Le Parlement libyen a reporté à mercredi la séance consacrée au vote de confiance au nouveau gouvernement, né d’un processus parrainé par l’ONU et qui doit contribuer à sortir la Libye du chaos en la menant jusqu’à des élections fin décembre 2021. Réunis mardi pour la deuxième journée de suite dans la ville de Syrte, à mi-chemin entre les régions rivales de l’Est et de l’Ouest, les députés ont longuement débattu de la composition du gouvernement, de la répartition géographique des postes et de sa feuille de route. Après quatre heures de débats, le président du Parlement Aguila Saleh a levé la séance. Elle doit reprendre mercredi « pour finaliser les délibérations avant de voter la confiance », a déclaré à l’AFP le député Ismail al-Charif. Mardi, les travaux avaient commencé par un discours du Premier ministre désigné Abdel Hamid Dbeibah, exhortant les députés à accorder la confiance à son gouvernement afin d’unifier le pays plongé dans le chaos depuis la chute de Mouammar Khadafi en 2011. « Mon premier objectif a été de choisir des personnes avec lesquelles je serai en mesure de travailler, peu importe d’où elles viennent ». Elles « doivent être capables de travailler pour tous les Libyens », a-t-il lancé. Fustigeant une « campagne féroce » visant à détruire la Libye, M. Dbeibah a d’autre part appelé au départ des 20.000 mercenaires et combattants étrangers présents sur le sol libyen. « Notre souveraineté est bafouée à cause de leur présence », a-t-il martelé. Milliardaire de 61 ans originaire de Misrata (Ouest), Abdelhamid Dbeibah, a été désigné Premier ministre le 5 février par 75 responsables libyens de tous bords réunis à Genève sous l’égide de l’ONU, en même temps qu’un Conseil présidentiel de trois membres. L’équipe proposée par M. Dbeibah est composée de deux vice-Premiers ministres, 26 ministres et six ministres d’Etat. Deux ministères régaliens, les Affaires étrangères et la Justice, ont été attribués à des femmes, une première en Libye. Le poste hautement stratégique de la Défense est en revanche resté vacant: « toutes les parties se disputent ce portefeuille », a concédé Dbeibah ce mardi.

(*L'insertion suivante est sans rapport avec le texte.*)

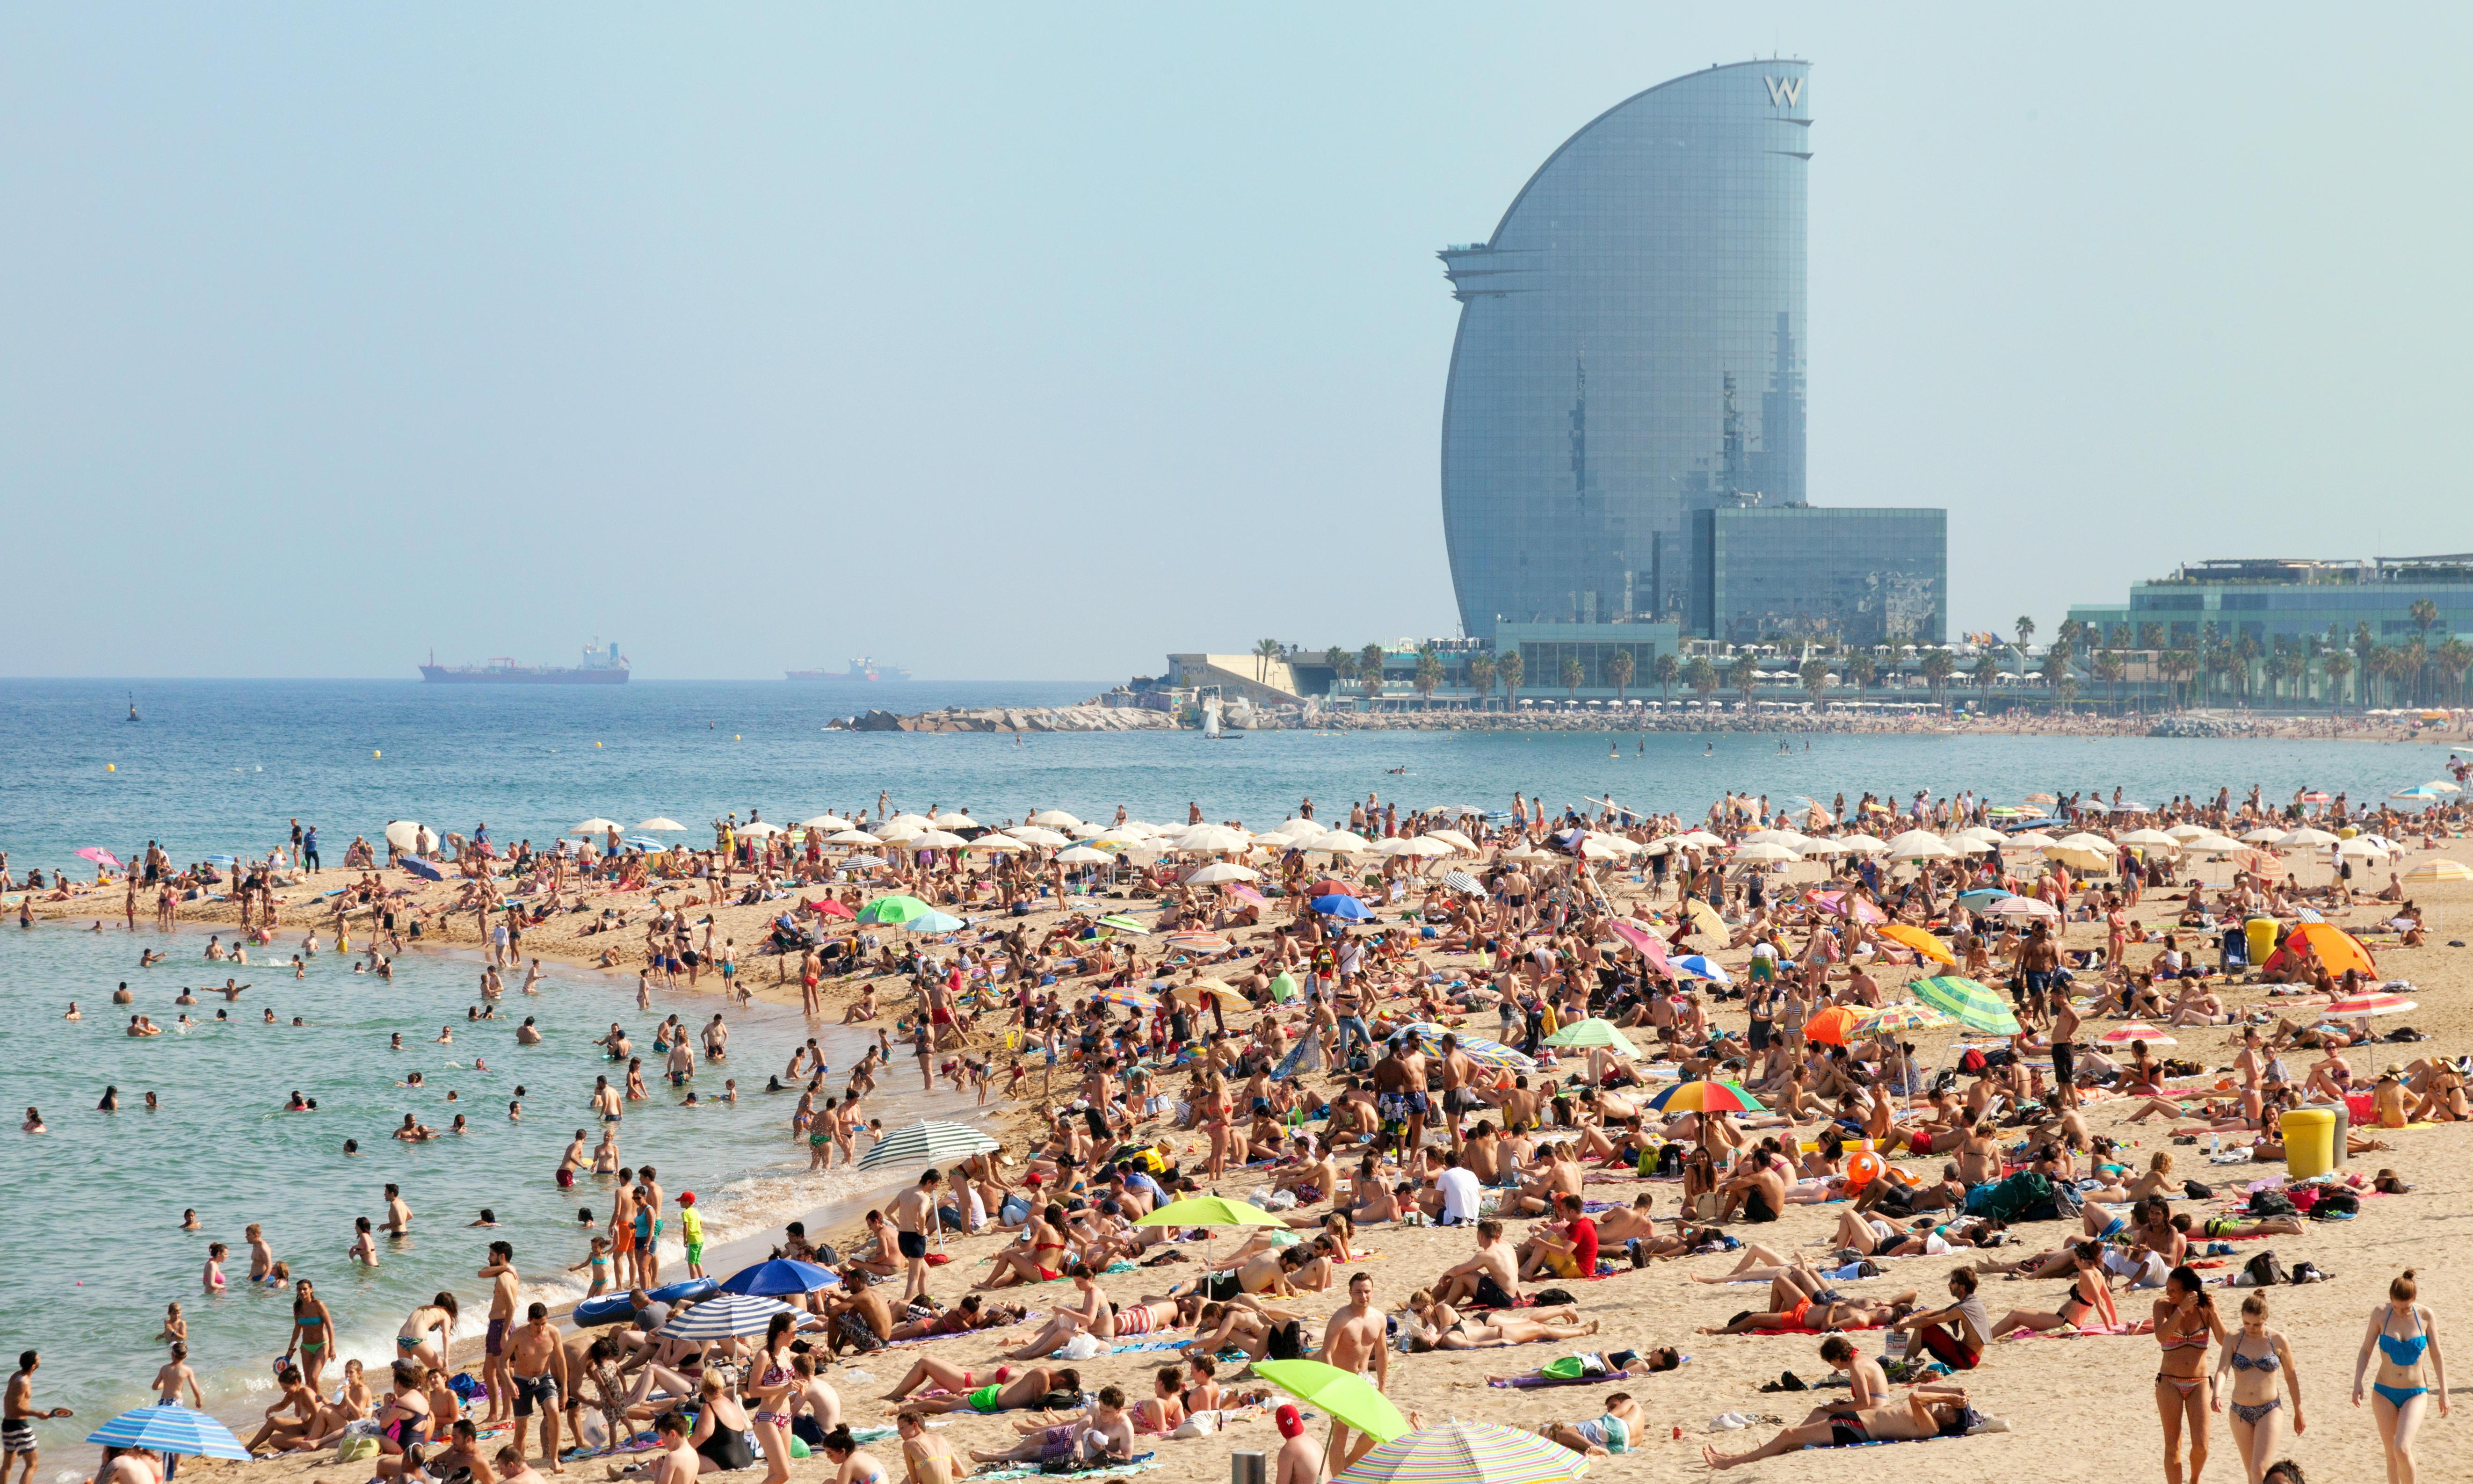 Environmental damage of tourism comes under MPs' spotlight

Selon l’agence italienne Nova, après des discussions frénétiques et des négociations sur la composition de l’exécutif chargé de conduire le pays aux élections prévues le 24 décembre, les travaux ont d’abord été suspendus et finalement reportés à demain, 10 mars. Selon les sources de «Nova», le chef du gouvernement a accepté de remplacer le vice-Premier ministre Saqr Boujwari, ancien maire de Benghazi, par l’ancien membre du Conseil présidentiel de Cyrénaïque, Ali Faraj al Qatrani, et de «geler» le fauteuil du ministère des Affaires étrangères, qui dans la liste initiale devait être attribué pour la première fois à une femme: Lamia Fathi Abusedra de Benghazi, accusée d’être proche de l’islamiste Abdelhakim Belhaj, ancien commandant du groupe de combat islamique libyen. Les changements toucheraient également le Département de la Santé, qui devrait être affecté à l’ancien sous-secrétaire à la Santé du Gouvernement d’Accord National (GNA), Ali Al Zanati, ainsi que le Ministère de la Justice. Le département de la défense devrait plutôt rester vacant. Théoriquement, la nouvelle ardoise gouvernementale a besoin d’une majorité simple de 90 voix pour gagner la confiance.

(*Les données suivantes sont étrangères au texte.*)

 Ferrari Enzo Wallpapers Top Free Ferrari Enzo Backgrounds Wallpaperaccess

Le gouvernement a jusqu’au 19 mars pour être approuvé par le Parlement, avant de tenter d’assurer la période intérimaire. Lundi, une première séance du Parlement sur le vote de confiance a été qualifiée « d’historique » par l’ONU. Elle a rassemblé 132 députés sur 188 alors que la Chambre, profondément divisée, s’était très rarement réunie ces dernières années. L’issue du vote de confiance est également incertaine car parmi les 132 députés réunis à Syrte, il y a ceux qui demandent à reporter le vote jusqu’à la publication du rapport des Nations Unies (prévu pour le 15 mars) sur les cas de corruption présumée au Forum pour le dialogue (de Tunis) qui impliquerait le clan Dabaiba, ainsi que ceux qui voudraient voter sur un amendement constitutionnel (qui nécessite un quorum de 120 députés). La formation présentée à la présidence de la Chambre des représentants (le parlement libyen élu en 2014 et aujourd’hui divisé en trois sections qui se réunissent à Tobrouk, Tripoli et Tunis) avait pour but d’assurer une large participation de la communauté libyenne et une répartition géographique équitable entre les régions du Pays, à savoir la Cyrénaïque (à l’est), le Fezzan (au sud) et la Tripolitaine (à l’ouest).